Highway 24 remained along Ashby Avenue until the completion of the Grove–Shafter Freeway in the late 1960s. This new freeway, which originally ran from the Caldecott Tunnel to the MacArthur Freeway and 27th Street in downtown Oakland, was designated Route 24; Ashby was then re-designated Route 13. The Grove–Shafter Freeway was intended to extend further west to the Nimitz Freeway and a proposed Southern Crossing. To help secure additional federal Interstate Highway funding to complete the project, the segment of Highway 24 between the MacArthur and Nimitz Freeways was re-designated as Interstate 980. Exit numbers assigned at Highway 24 start at 2 instead of 1 or 0, treating both I-980 and Highway 24 as one continuous route.

Route 24 used to extend much further east.
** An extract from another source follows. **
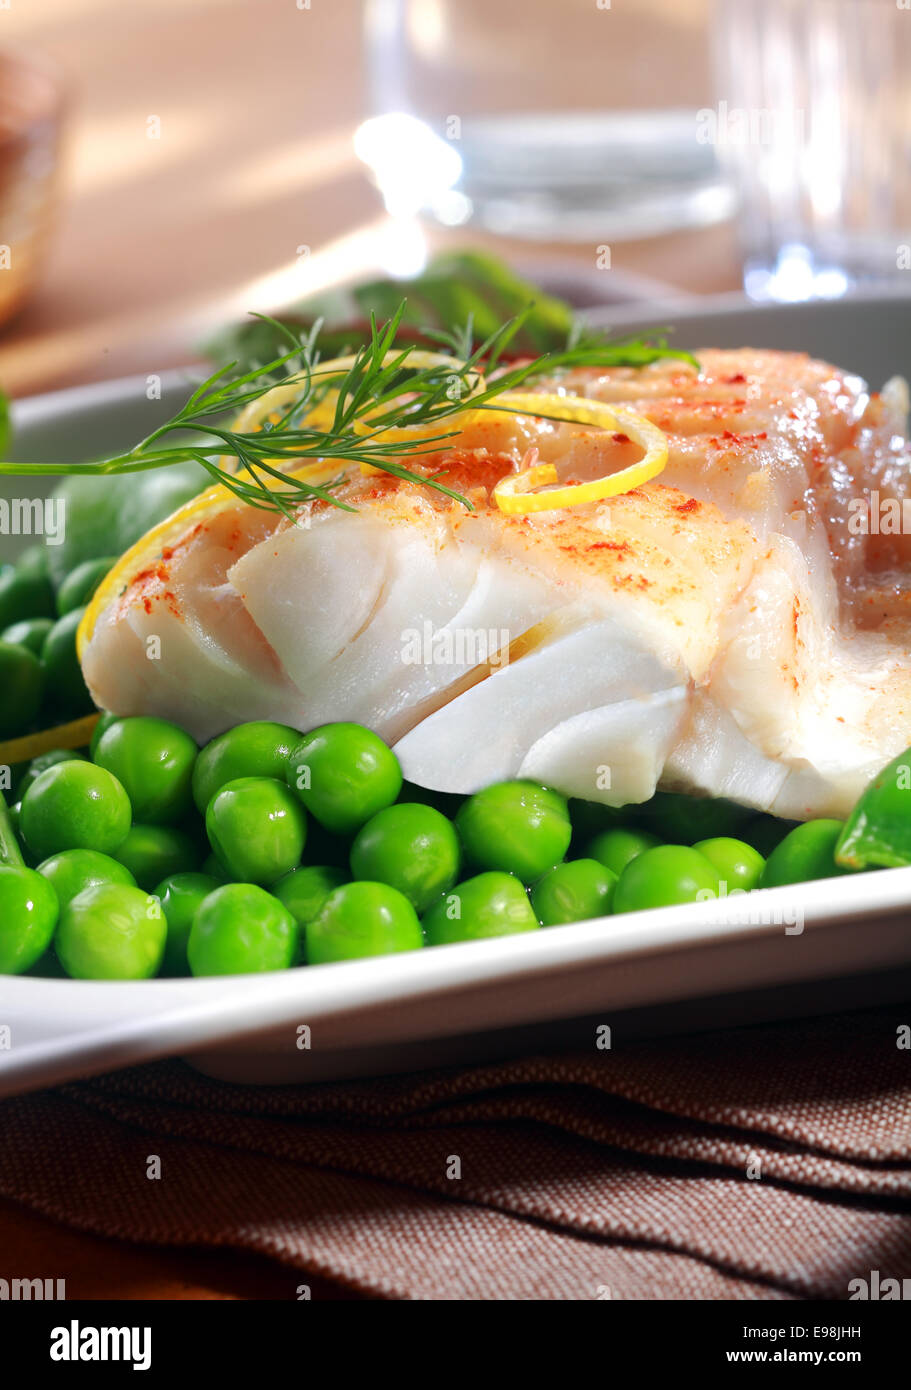 Köstliche Meeresfrüchte Mahlzeit vom Grill oder Ofen gebackene Fischfilet mit saftig grünen petit Pois Erbsen, Zitronenschale und Dill in einem Restaurant serviert Stockfoto
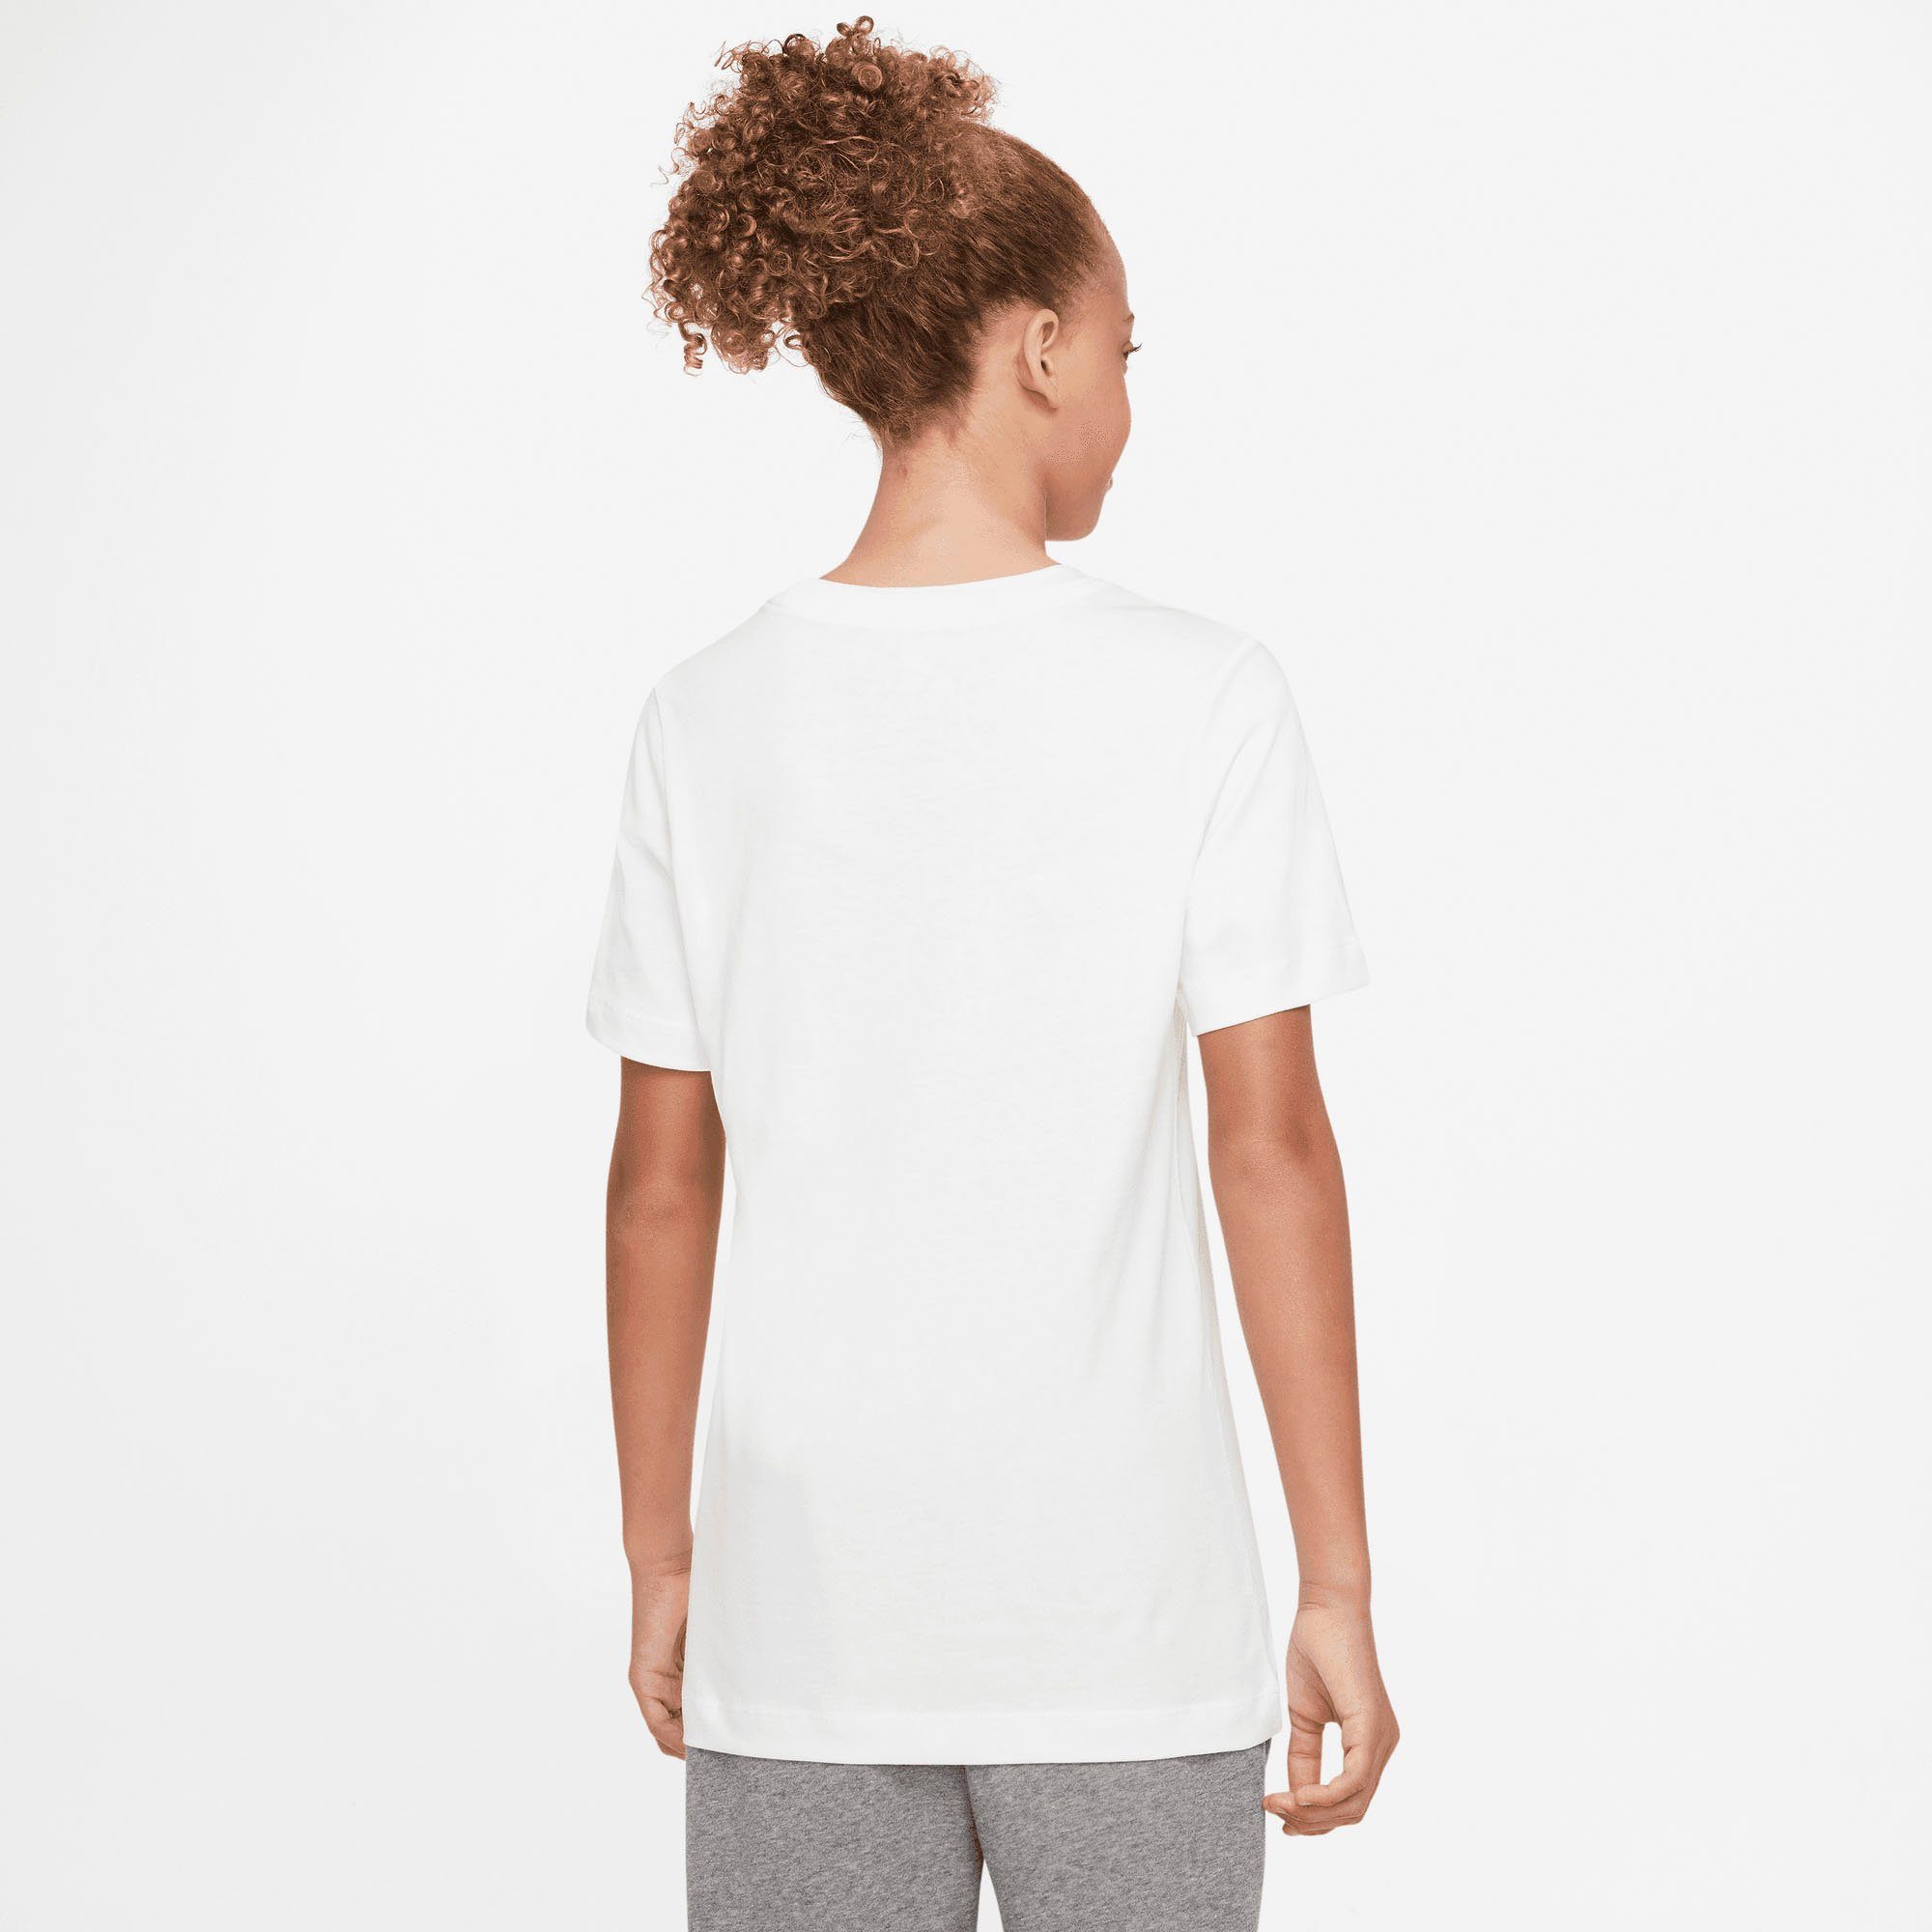 Nike Sportswear T-Shirt weiß Kids' Big T-Shirt

The section of Interstate 680 between the current terminus of SR 24 and State Route 242 was dual-signed I-680 and SR 24 until c. 1987; State Route 242 which runs primarily in Concord was signed as Route 24 until the same time. Older maps show routes for 24 which continue along State Route 4 from the current intersection of 242 to the Antioch Bridge, continuing along the river road to Sacramento, currently State Route 160, then continuing north to Woodland, Marysville, Oroville, along the North Fork of the Feather River to a junction with State Route 89 (this segment is currently State Route 70), where it continued dual-numbered with 89 through Quincy. Highway 24 split from 89 near Graeagle, and continued east through Portola east until its terminus at U.S. Route 395. Parts of the same route were also sometimes designated as State Route 84.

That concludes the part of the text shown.